By Carmen Nel
The fourth quarter 2021 real GDP growth, at 1.2% (quarter-on-quarter, seasonally adjusted) and 4.9% for the year, was in line with consensus expectations and so should have limited implications for the market. Rather, the Russia/Ukraine crisis remains the dominant factor for risk assets at the moment.
The underlying data showed dispersion rather than a broad-based rebound off the weak third quarter 2021 base.
The good
Agriculture posted a strong performance, as expected, while the trade and manufacturing rebound following the July unrest made notable contributions to the overall expansion.
The reopening of the economy and easing of lockdown restrictions were evident in a solid recovery in household consumption expenditure, which was biased towards discretionary spend such as restaurants and hotels, household furnishings, and clothing and footwear. Another positive was the expansion in fixed investment, led by machinery and equipment. The rebound in imports, while detracting from overall growth, points to ongoing normalisation in domestic demand and should be viewed as a positive.
The bad
A negative surprise was the decline in financial, real estate, and business services, which is usually a component with low volatility.
And the ugly
Mining was particularly weak, but the outcome was not a surprise in light of the high-frequency monthly data giving a preview. Construction continues to be hampered by weak infrastructure investment and a subdued residential housing market.
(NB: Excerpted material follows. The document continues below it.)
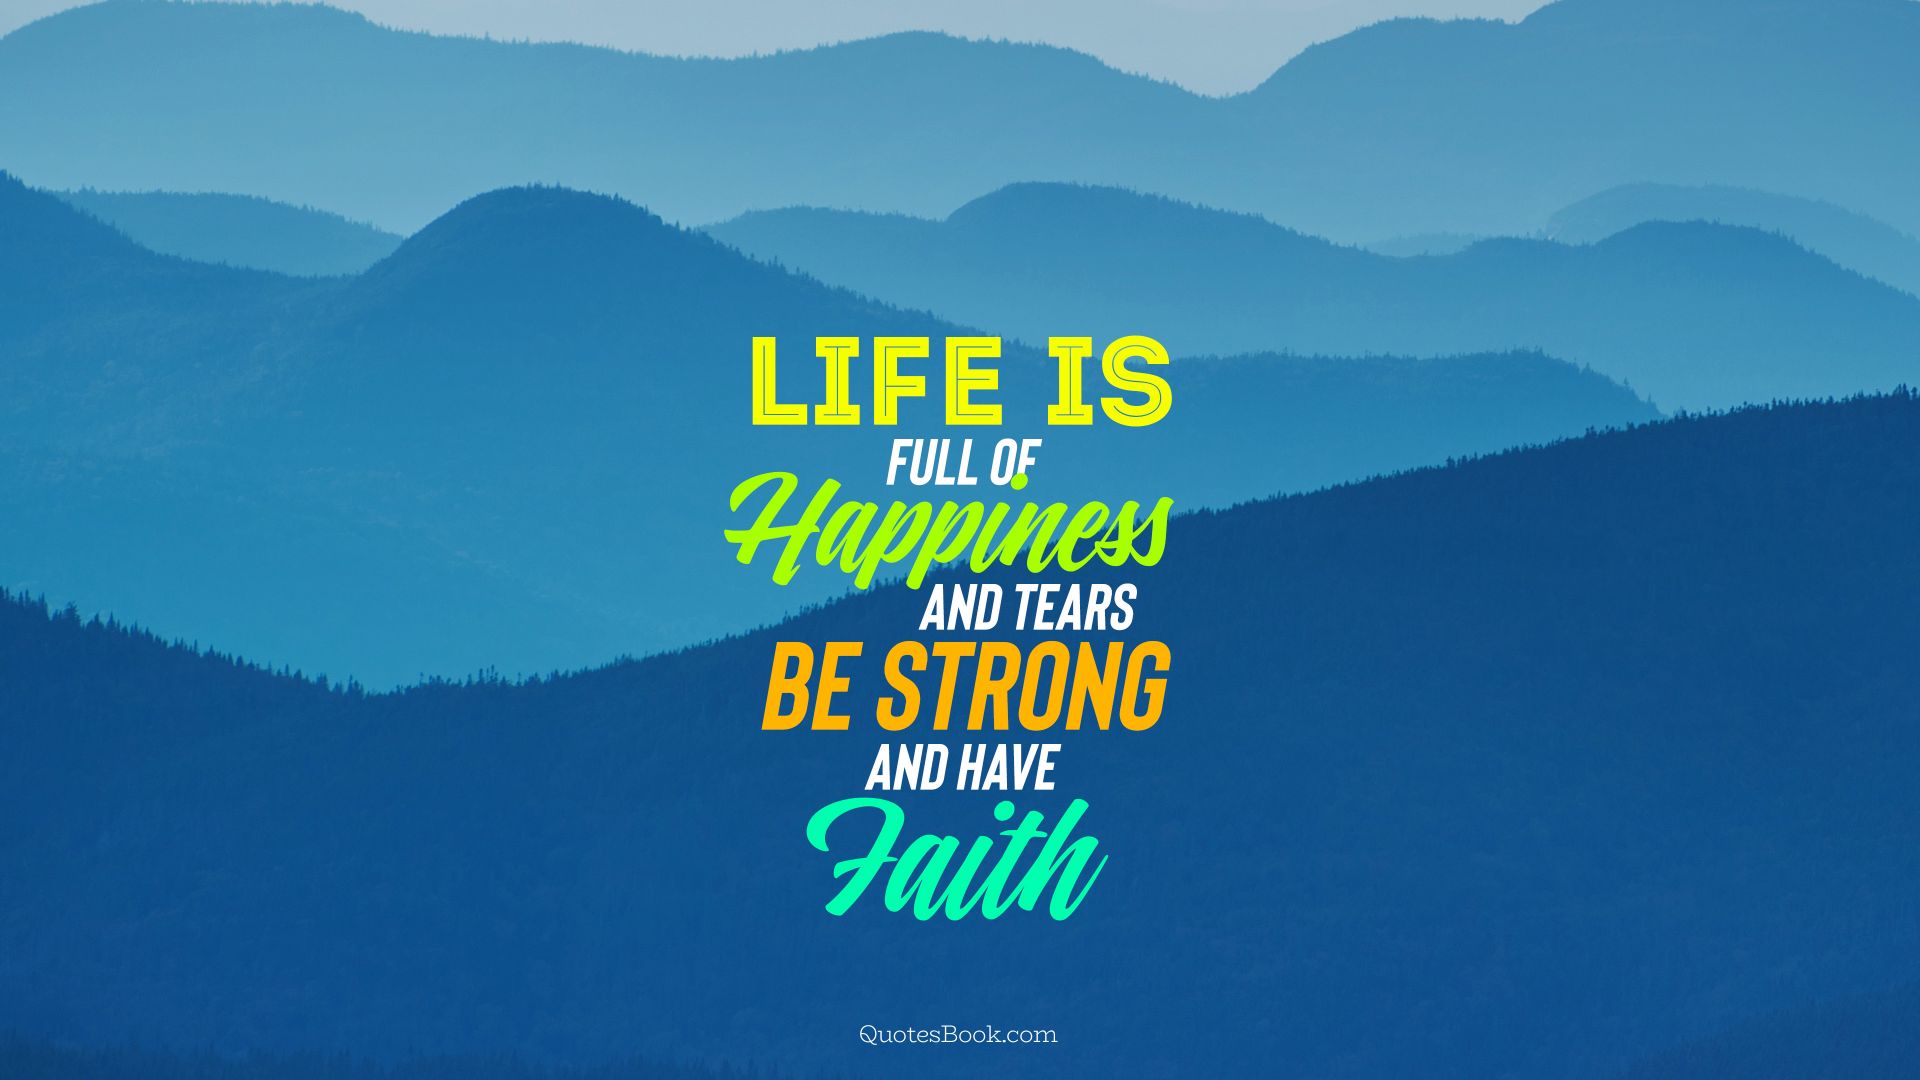 Life is full of happiness and tears be strong and have faith

But the recovery remains on track
It is important to note that this data is almost three months old and has less bearing on the outlook for the balance of 2022 than do global developments. Growth should be underpinned by the robust terms of trade, but the consumer faces a tougher environment due to rising fuel costs, upside risk to food prices, as well as from tightening monetary policy.
We do not think this release will have a meaningful impact on the South African Reserve Bank’s Monetary Policy Meeting in two weeks’ time, as the Bank is likely to focus more on the inflation outlook and attendant upside risk stemming from the Russia/Ukraine crisis.
And could normalise sooner than expected
The economy is set to reach pre-pandemic levels (first quarter 2020) over the course of the second quarter this year and is likely to be back at the pre-pandemic trend by the December quarter. Both these time estimates are sooner than was originally estimated at the height of the Covid pandemic and strictest lockdowns.
The expectation is that the growth levers in 2022 will be the ongoing consumer recovery, upside from foreign tourism, and the government starting the infrastructure roll-out. Additional impetus could come from sustained high commodity prices and mining capex. That said, the risk is biased to the downside from current geopolitics. The Russia/Ukraine crisis remains fluid and highly uncertain and it is not possible to determine the impact that it will ultimately have on both global and local economies.
Investors should remain diversified and cautious
Local fixed income is offering significant value, but volatility is expected to remain elevated. South Africa equities have rand-hedge properties and have a positive beta to high commodity prices. A diversified portfolio but with a cautious bias is prudent in the current environment.
Carmen Nel is an economist and macro strategist at Matrix Fund Managers.